Governor of Dawaro
- In office Unknown–1529
- Preceded by: Unknown
- Succeeded by: Husain Al Gaturi (as Adalite governor of Dawaro)

Personal details
- Born: 15th century
- Died: 9 March 1529 Shimbra Kure, Ethiopian Empire

Military service
- Allegiance: Ethiopian Empire
- Rank: Dejazmach
- Battles/wars: Ethiopian–Adal War Battle of Shimbra Kure;

= Robēl =

Ethiopian general and governor (died 1529)

Robēl (ሮቤል; died 9 March 1529) was a general and governor in the Ethiopian Empire under Lebna Dengel. He was killed in The Battle of Shimbra Kure.

==Biography==
A native of Tegre, little is known of Robēl's life before the Ethiopian-Adal War however Robēl is mentioned in Ethiopian sources as the governor of Dawaro and Amba Geshen while in Muslim sources he is simply referred to as a patrician from Tigray.

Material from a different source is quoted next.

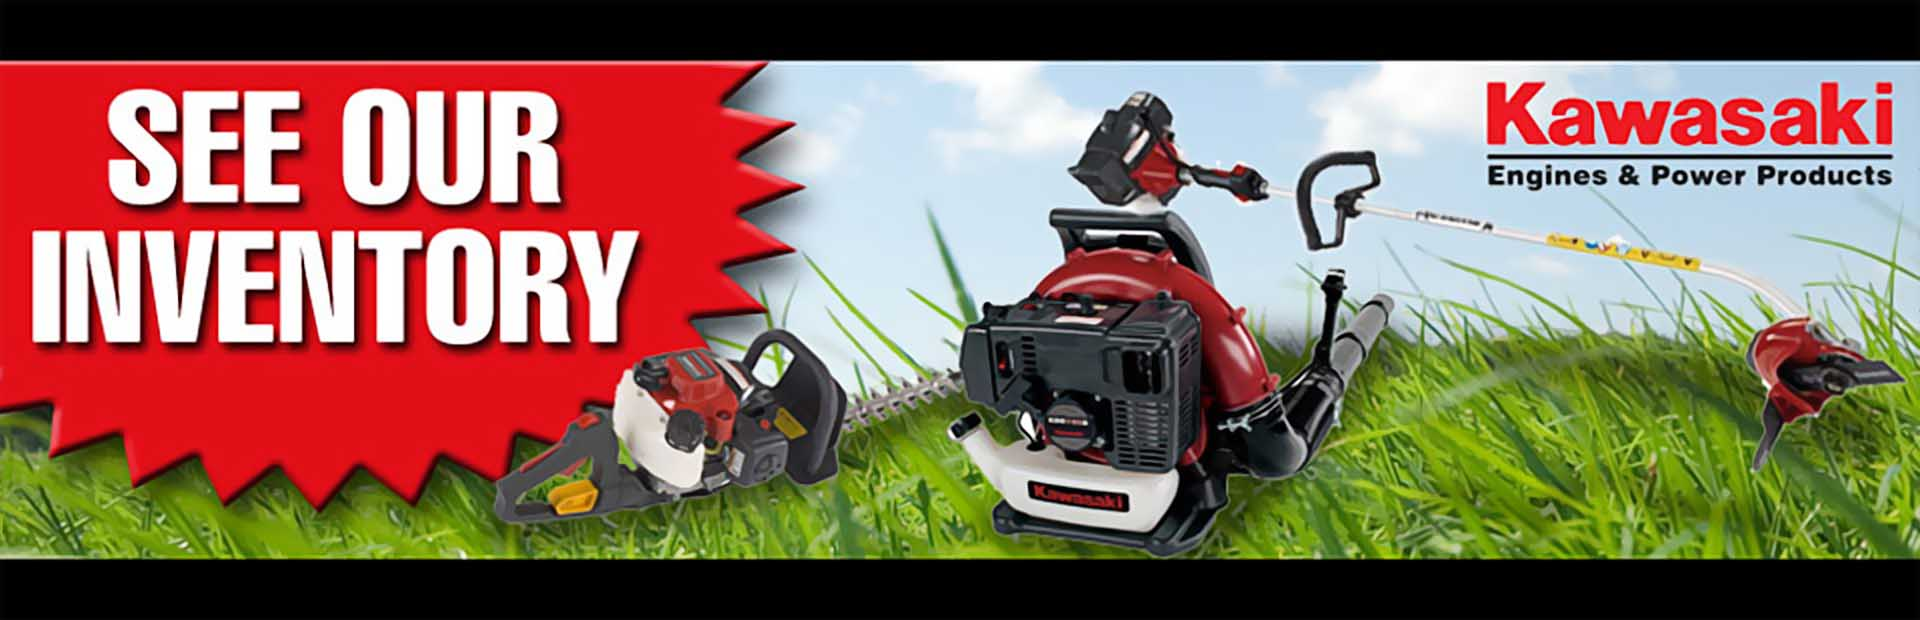 find your hustler lawn mower, parts, outdoor power equipment

He and his younger brother Aqba Mikā’īl were both killed in Shimbra Kure. The Muslim chronicler notes that Robēl was killed by an equerry of Imam Ahmad Gurey at Shimbra Kure, while his brother was killed by the Imam himself. His eldest son Amda Mikā’īl was killed by Abu Bakr Qecchin during the battle of Dakan Dur.